Week 9

I read The Salt Path by Winn. She engages with walking in a way that’s way more intense than some of the other walking books we see. Instead of walking just to think introspectively, or to clear her head, her and her husband, Moth, are walking because they have no other choice. They lost their home, their money, and so the 630 mile trail they start becomes their 'home'. They do that to redefine their life away from the traditional homelessness they were about to experience. Winn makes us engage with the trail as a place of survival, talking about the pain and salt on their skin, the hunger, and the struggle of pitching their cheap tent. She engages walking by using it as an essential means, not a means to grow internally, but to get through an extremely difficult time in their life.

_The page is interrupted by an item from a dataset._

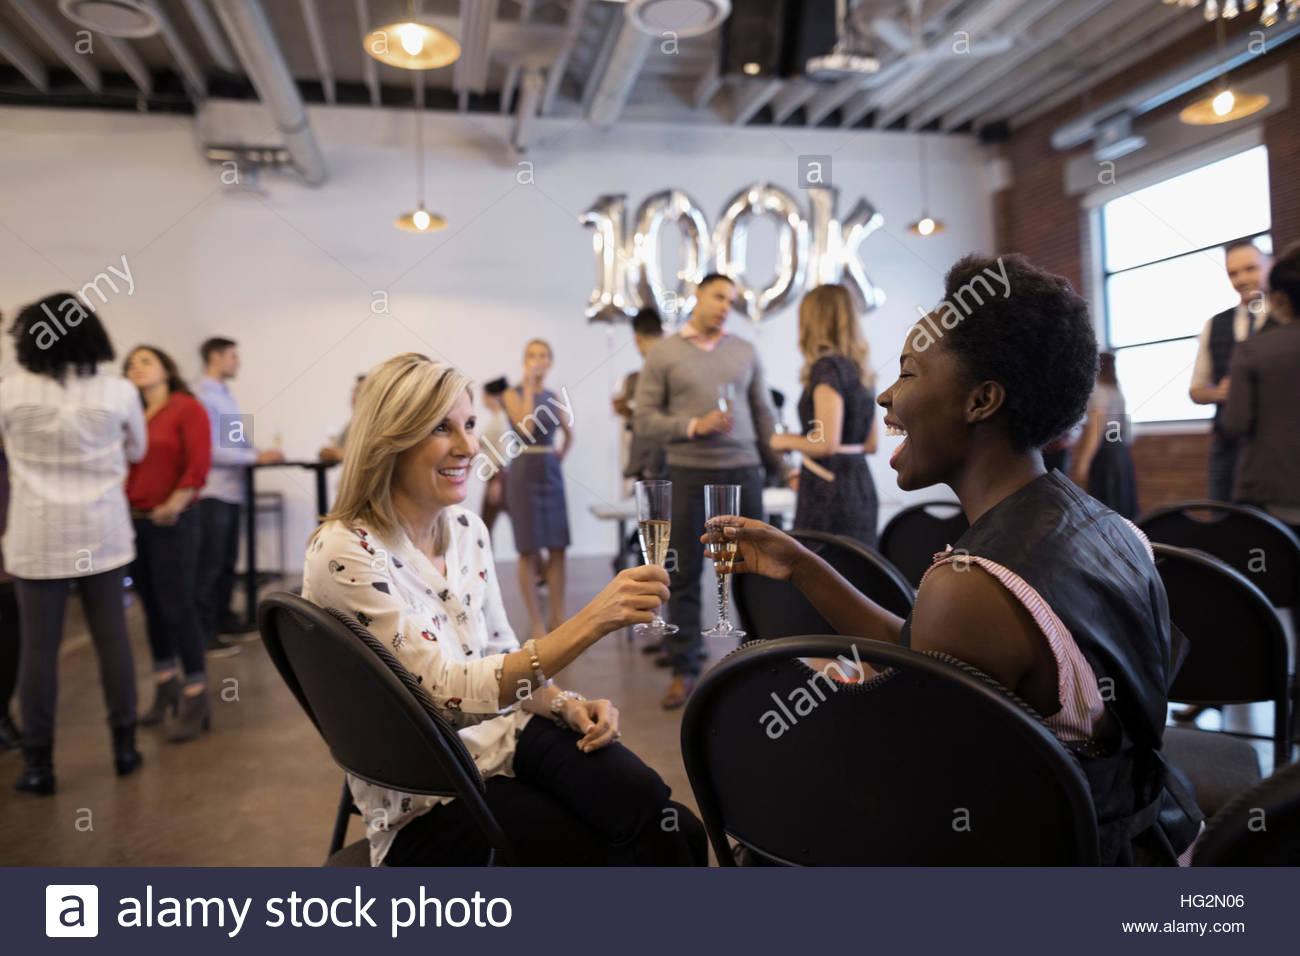 Businesswomen networking and celebrating milestone toasting champagne flutes - Stock Image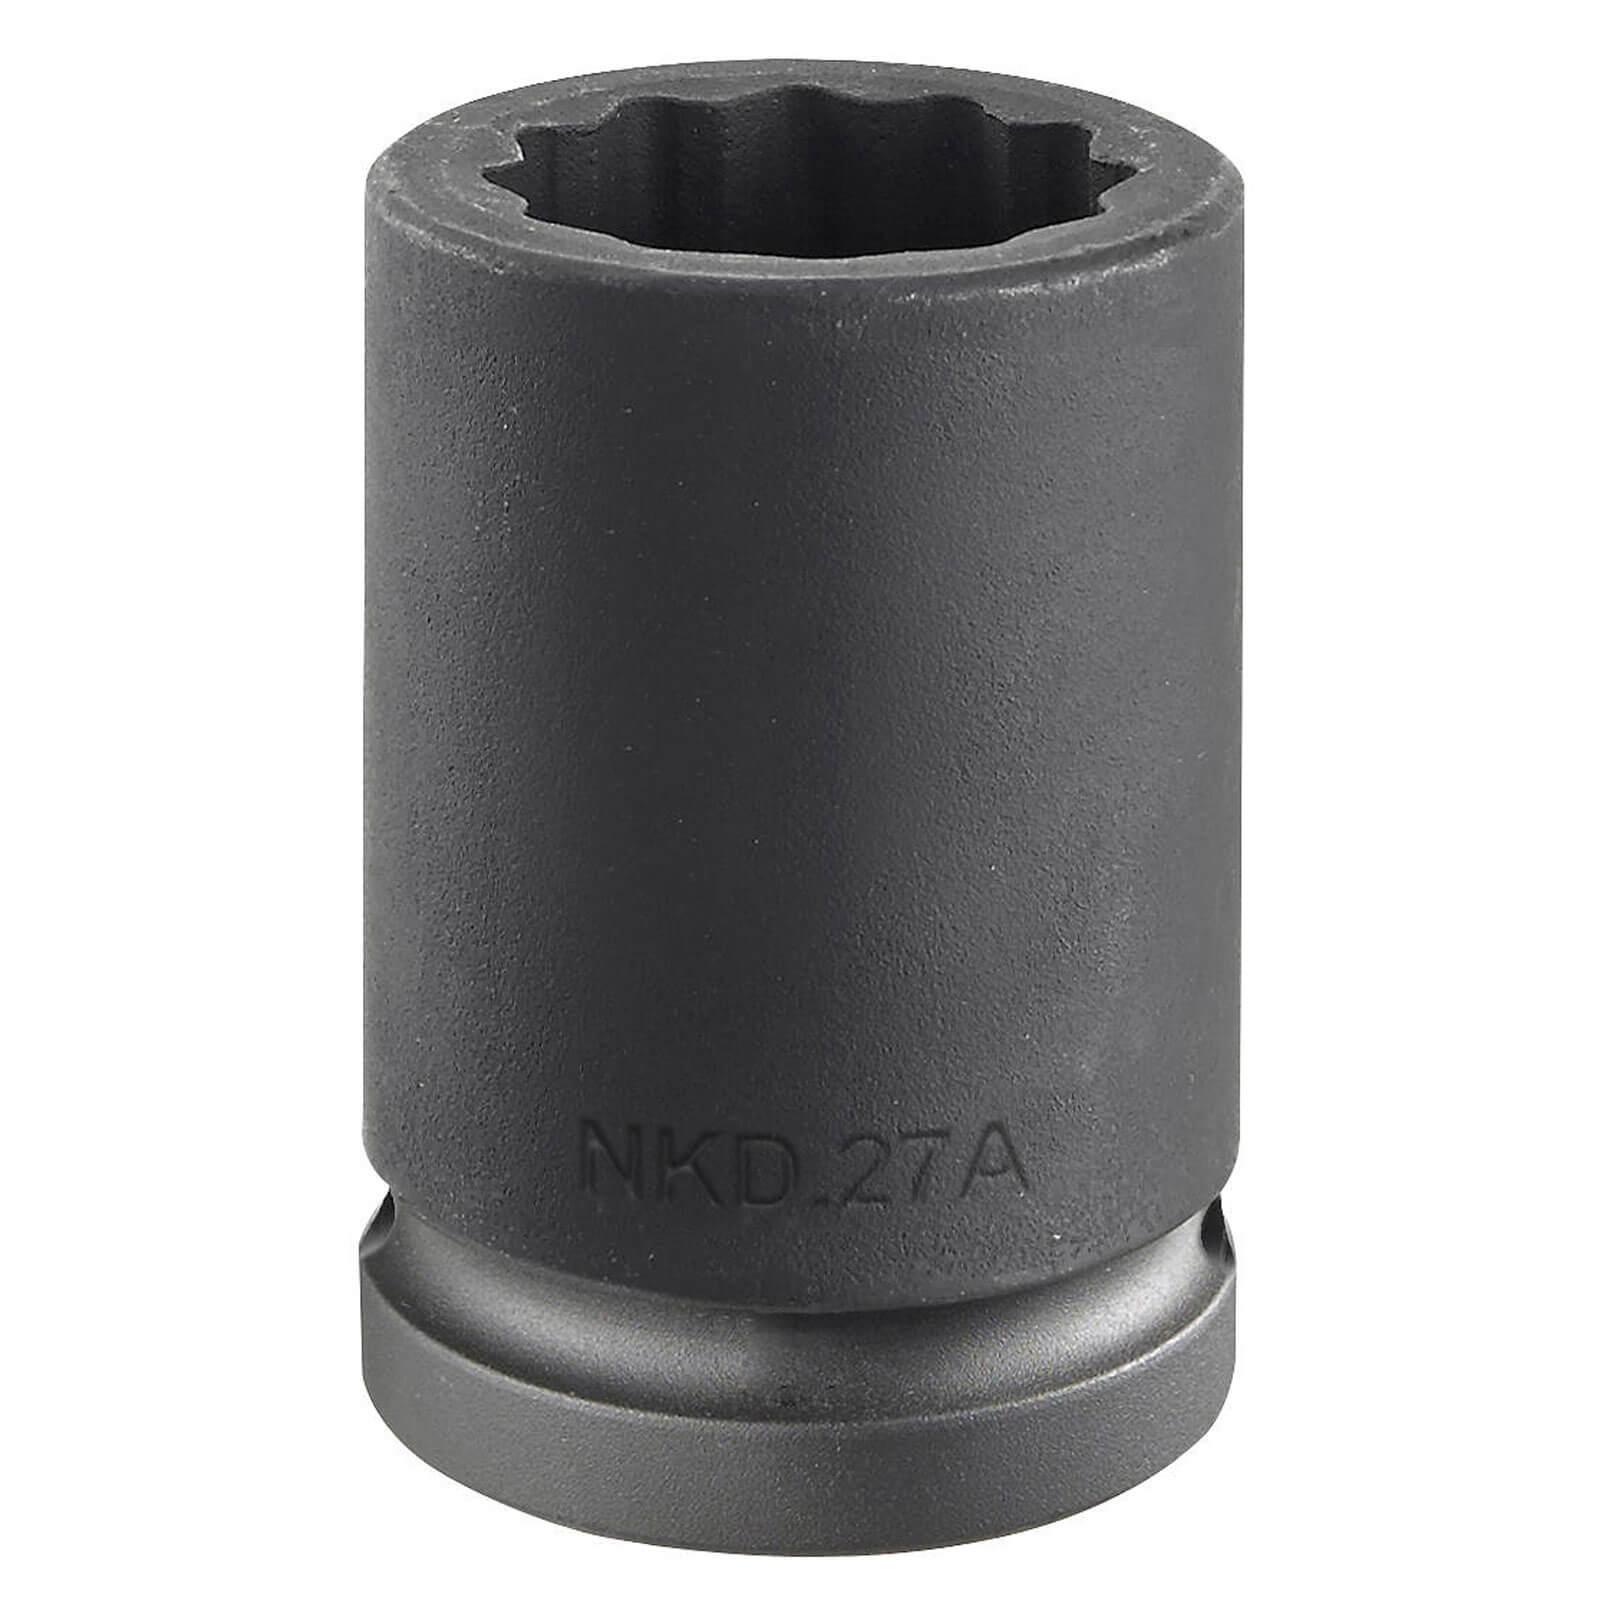 "Image of Facom 3/4"" Drive Bi Hexagon Impact Socket Metric 3/4"" 36mm"

She also dramatizes the walk in how she tells the story in such a descriptive way. She didn't expect the walk would give them the experience it did, and her accounts of their life with Moth being sick during the walk also really dramatized it.  "But we were faced with the possibility that our life together was to be limited to a short time of moderately good health, followed by a decline into paralysis and death. I couldn't leave him and go to work. I needed to spend every minute of this precious semi-health with him. I had to save every memory to carry with me into a lonely future.” The focus of death accompanying them during their walk brings a more complex layer

of depth into the writing.


Walking is the only thing keeping them both from falling apart physically and mentally.